I'm sorry, but personally I think the calculations are crap. First, your talking about a garage, and I assume you are going to be heating it low until you go out there and want to turn it up. There's no way in CT winters, you can heat a garage from 45 degrees up to 65 degrees with just 43,000 btu. I'm in Michigan with a single car garage shop that is well insulated and about 12x30 and I have a 80,000 btu gas furnace. I keep it at 45 and turn it up to 65 when I go out there and that will heat it up within 10 minutes. Yours is 24x50. That's 4x larger, and your wanting to use half of the heating btu? It will never work. I'd be going with 120,000 btu and that would be a gas furnace at a minimum. As for your bonus room above the garage. Whatever your cooling calculations tell you, double it. With all the heat from the roof beating down directly in that room, you will need much more cooling and airflow in that room to compensate. I would spray foam the ceiling in that room if I had to do it again. This is from experience in our bonus room above the garage.
The heat load is only the heat load, not a equipment sizing spec for what it takes to to rocket the temp up quickly by 20F. It's important to know what the steady state loss numbers are to appropriately size the system.
As for calculations. When we purchased our 2 story, 1800 sq ft house, there was a 3 ton central air system. No matter what the house wouldn't stay cool. We replace the furnace and central air and the calculations said the 3 ton would work.
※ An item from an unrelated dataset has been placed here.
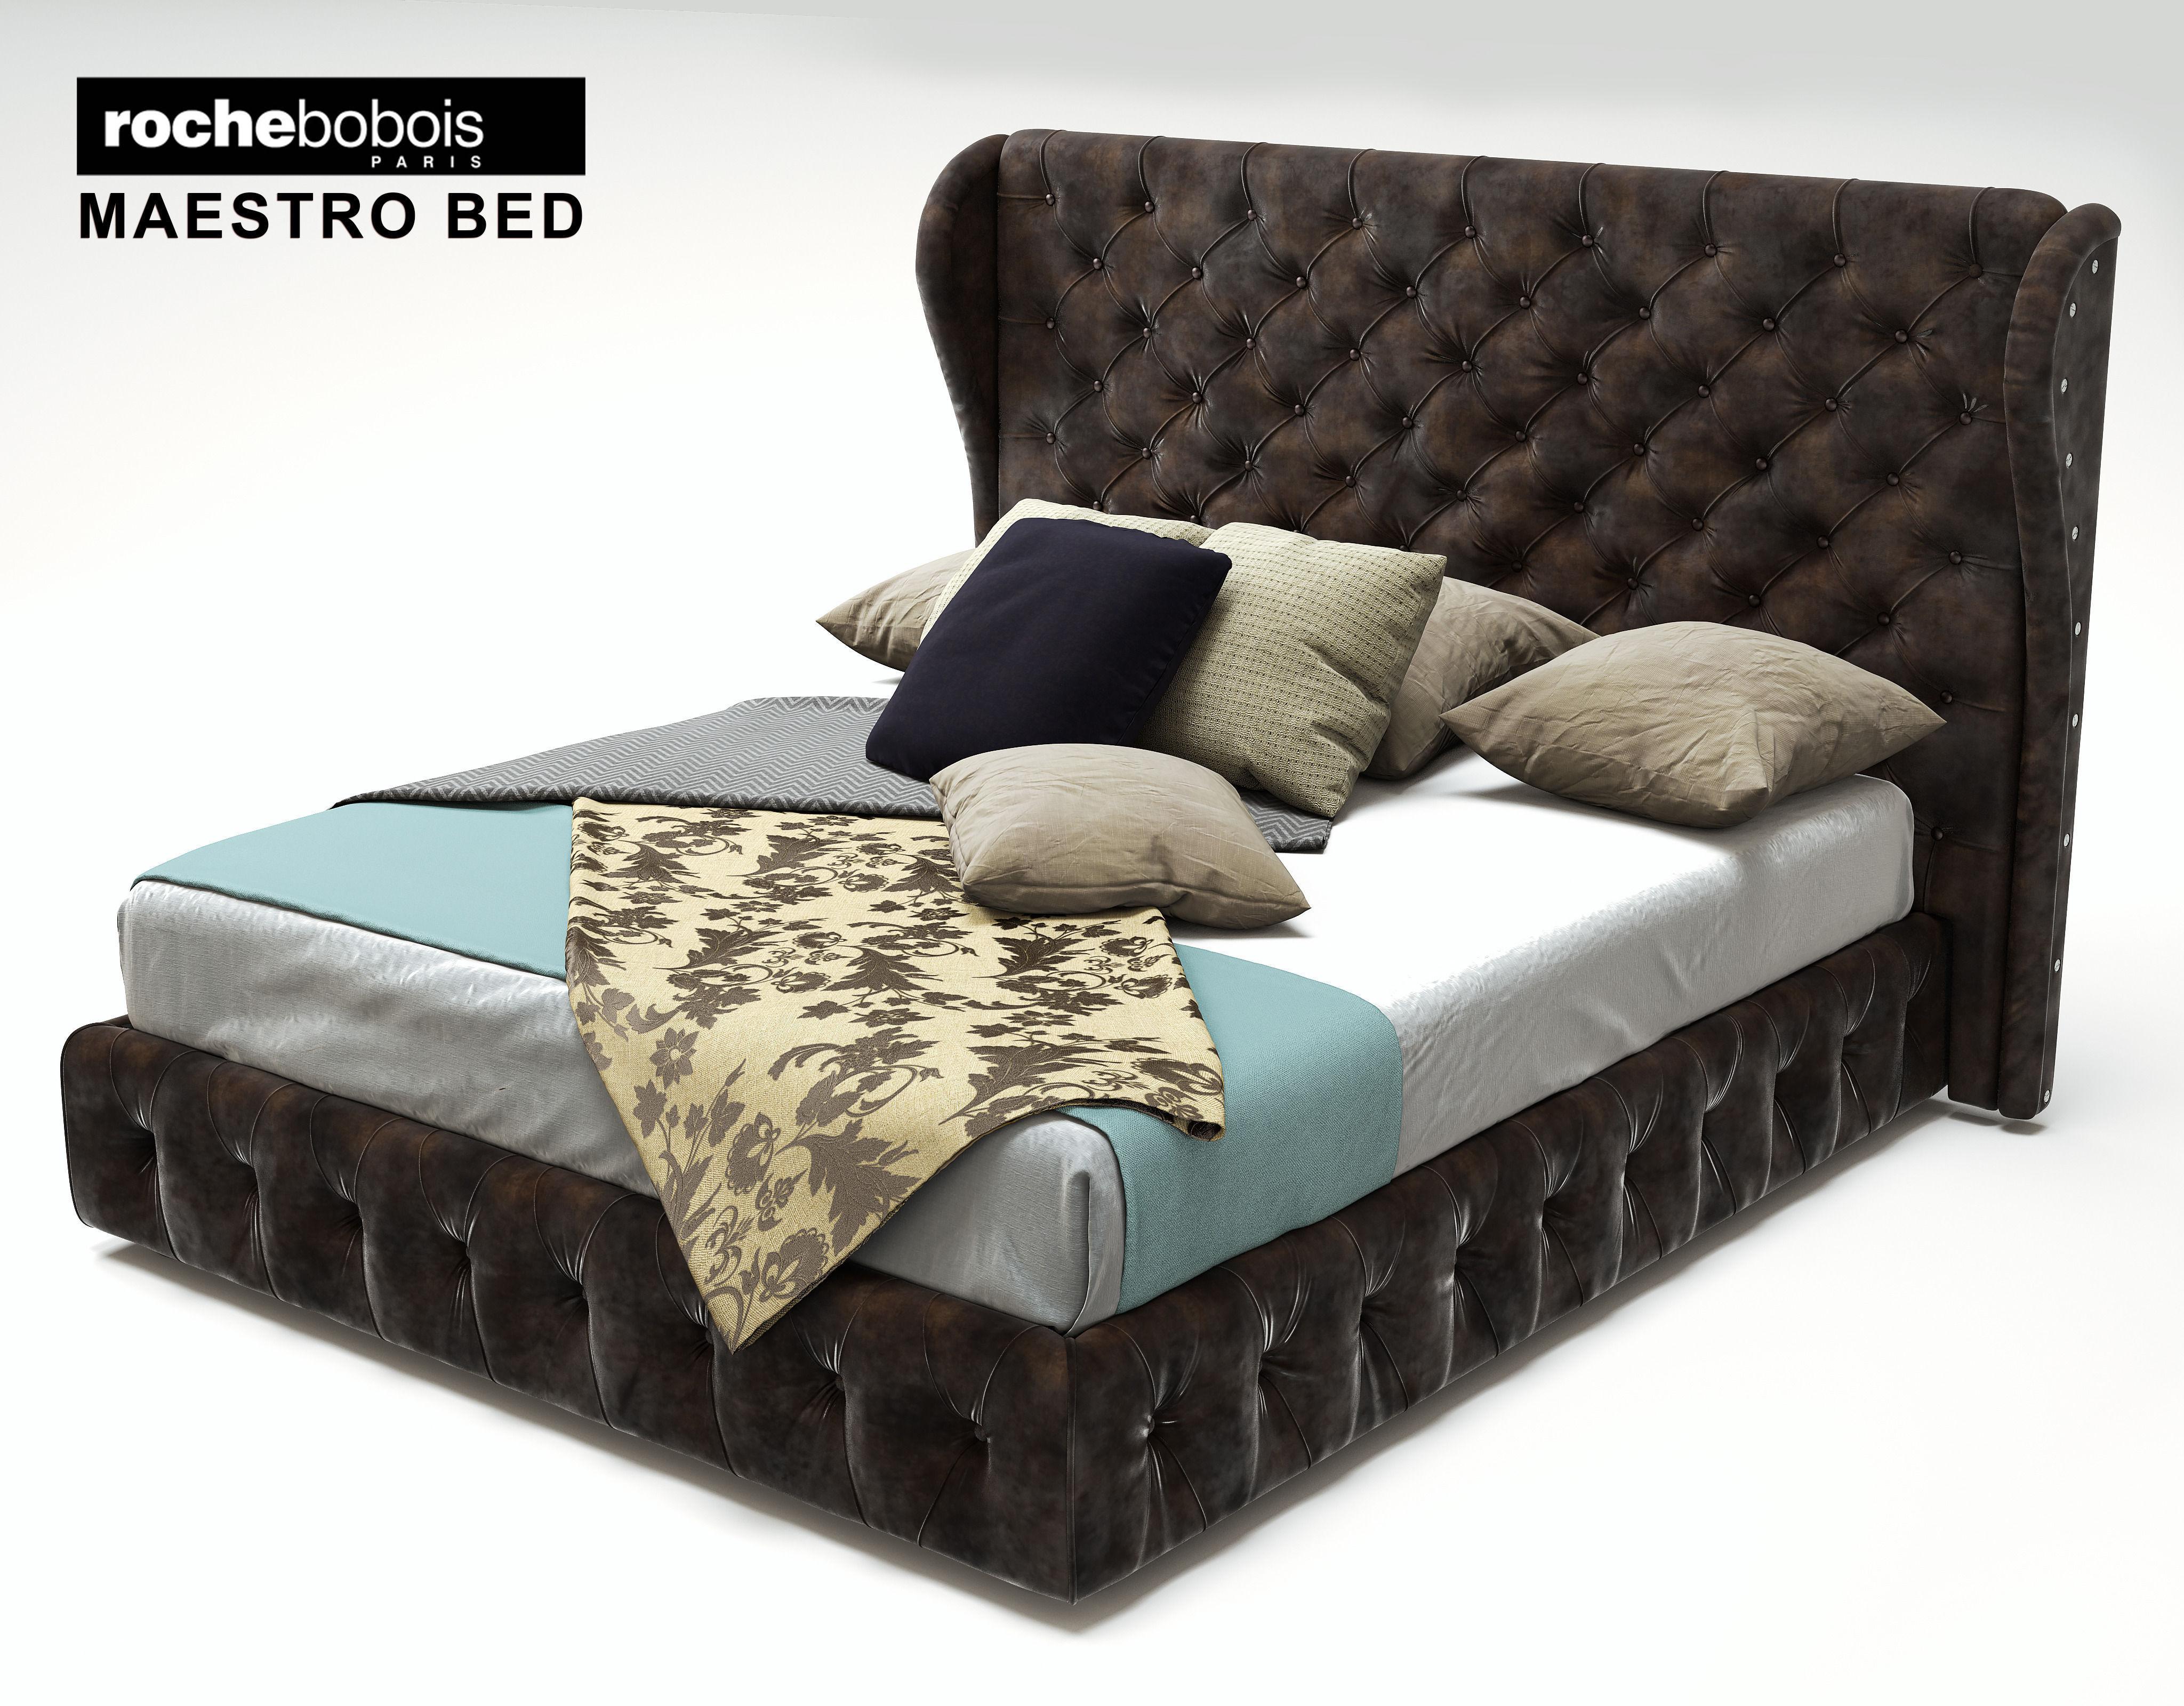 rochebobois-maestro-bed-3d-model-max-obj Unique De Table Basse Roche Bobois Occasion Des Idées

I told the hvac contractor no way, but he insisted. After it wouldn't cool the upstairs, he actually told me it would help if we changed our shingles on the house to a lighter color. Uh huh, yeah, right. They came back and put in a 5 ton unit. That helped, but what really helped was installing thermostats in each bedroom and a zoning board and dampers. I also added hydroponics blowers to the upstairs runs. The hvac guy said there's no way that would work. Well, I cool the upstairs in the middle of summer to a meat locker if I want without affecting the main level. So, sorry, but the calculations are crap. Get someone with real world experience in there to tell you what you need.
Sounds like your house had the air handlers & ducts up in the attic above the fluffy stuff(?), otherwise the SRI of the shingles wouldn't make a heluva lot of difference. The parasitic duct gains as well as parasitic air-handler driven infiltration need to be included too. It's possible or even likely that your ducts aren't well balanced, driving at least a half ton of infiltration load when the AC is running, along with ton of parasitic gain from the ducts & air handler being outside of conditioned space. Unless you have massive amounts of unshaded west facing window there's no way you have more than 3 tons of raw cooling load in an 1800' house- it's almost certainly the system design/implementation that's killing it. The basic load is most likely less than 2 tons.